Stereographic Projection from Four-Space

We have described features of stereographic projection from the sphere in three-space to a plane. To describe this technique in the next higher dimension, we consider the effect of central projection on the analogue of a sphere in four-dimensional space, which we call a hypersphere. The ordinary sphere in three-space is the collection of points at a fixed distance from a given point. In four-space, a hypersphere is defined the same way, as the collection of all points at fixed distance from a given point. All vertices of a cube are at the same distance from its center, so the vertices of a cube are situated on a sphere about its center. Similarly, all vertices of a hypercube are situated on a hypersphere.

Eight-by-eight subdivision of the plan for the polyhedral torus.
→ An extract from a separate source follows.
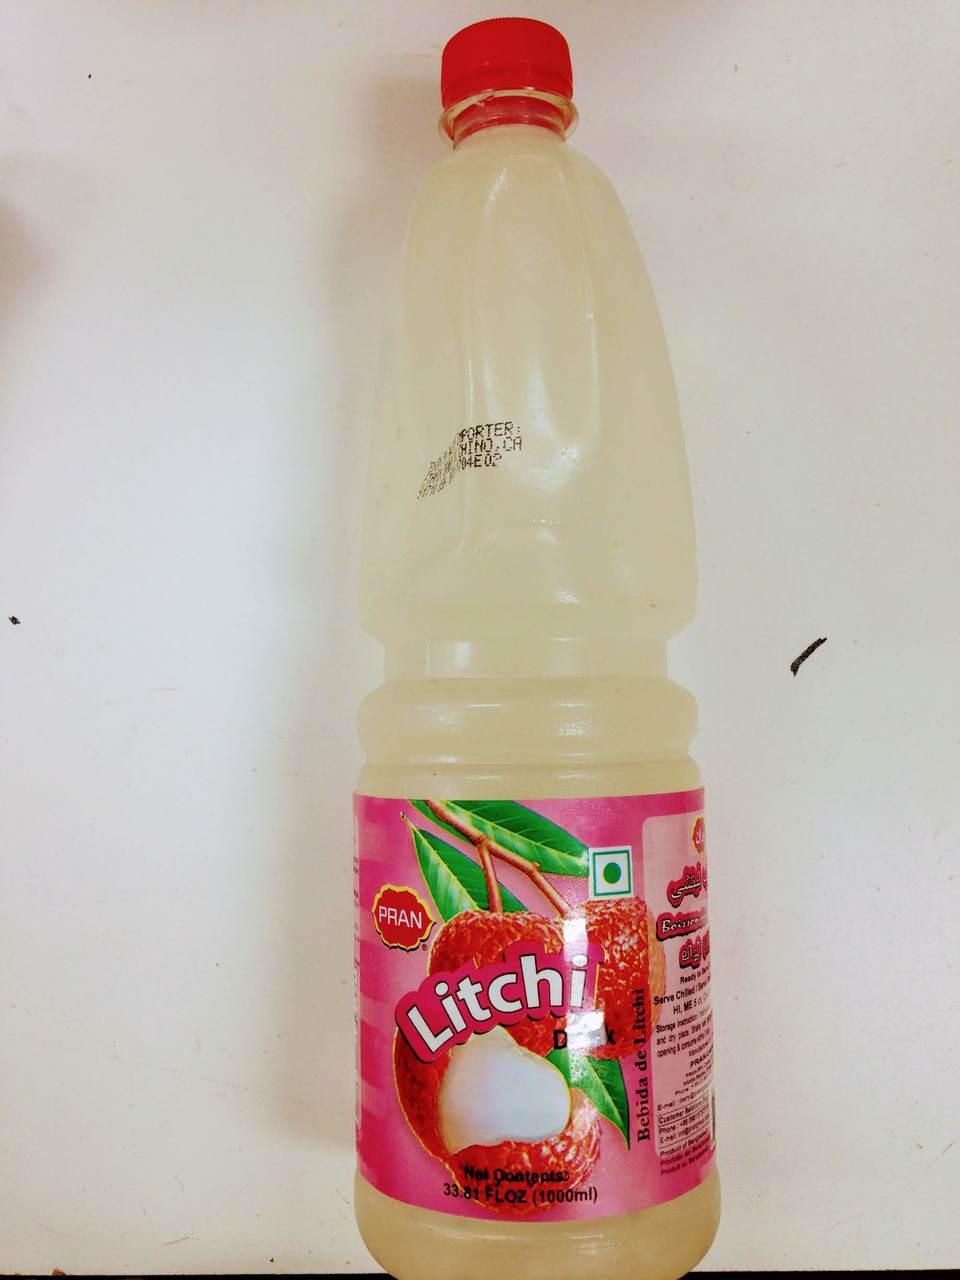 Pran Litchi Juice - 1000ml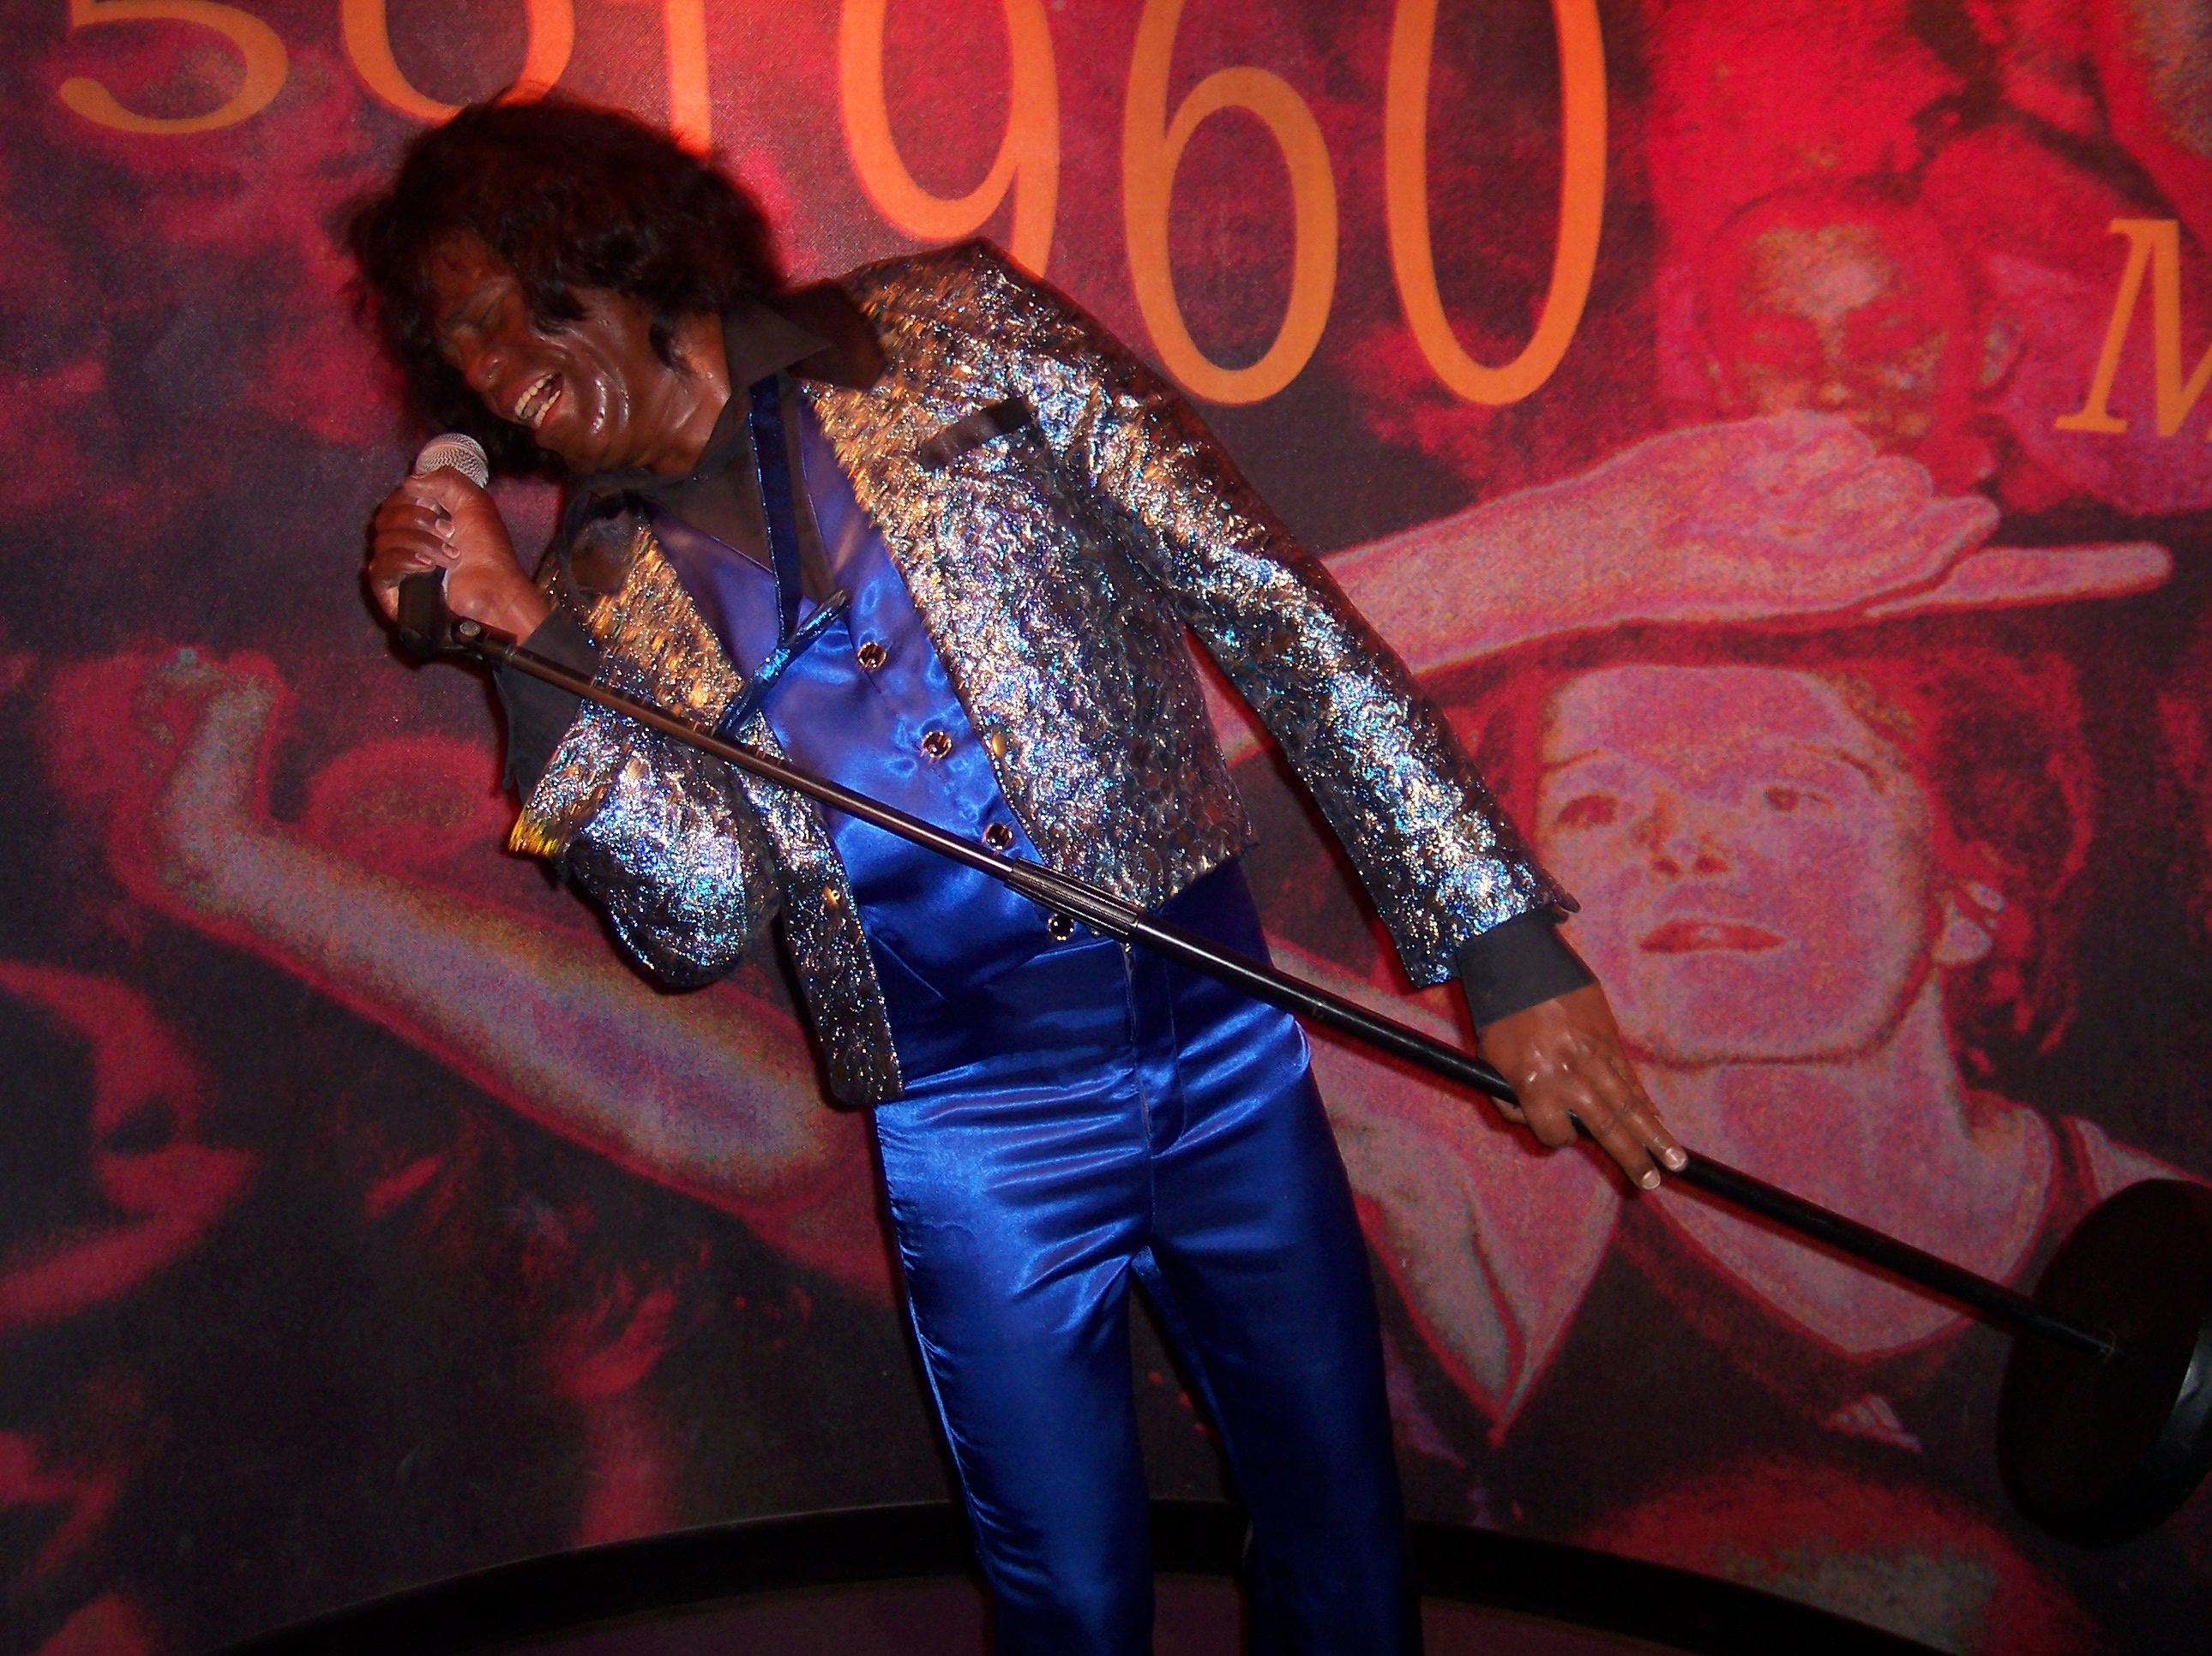 dario nature character humanoids man jamesbrown singer music artist performance waxmuseum puppet

All of the vertices of the four-by-four polyhedral torus studied earlier in this chapter lie on a hypersphere since the vertices of this torus are the 16 vertices of the hypercube. In a similar way, we can assemble an eight-by-eight grid of 64 small squares in four-space so that all of its vertices lie on a hypersphere. We may use central projection to find the image of this polyhedral torus in three-space, and then look at its projections on the computer screen to see pictures of polyhedra in space which better approximate the smooth torus of revolution. Subdividing again and again produces a very close approximation of a surface in four-space having the smooth torus as its image under central projection. This particular torus, first studied in the last century by William Clifford, is known as the Clifford torus. This surface in four-space is of extreme importance in geometry and topology because of its remarkable symmetries, and it appears as well in the physics of dynamical systems, for example as a surface defined by equations governing the position and velocity of a pair of pendulums.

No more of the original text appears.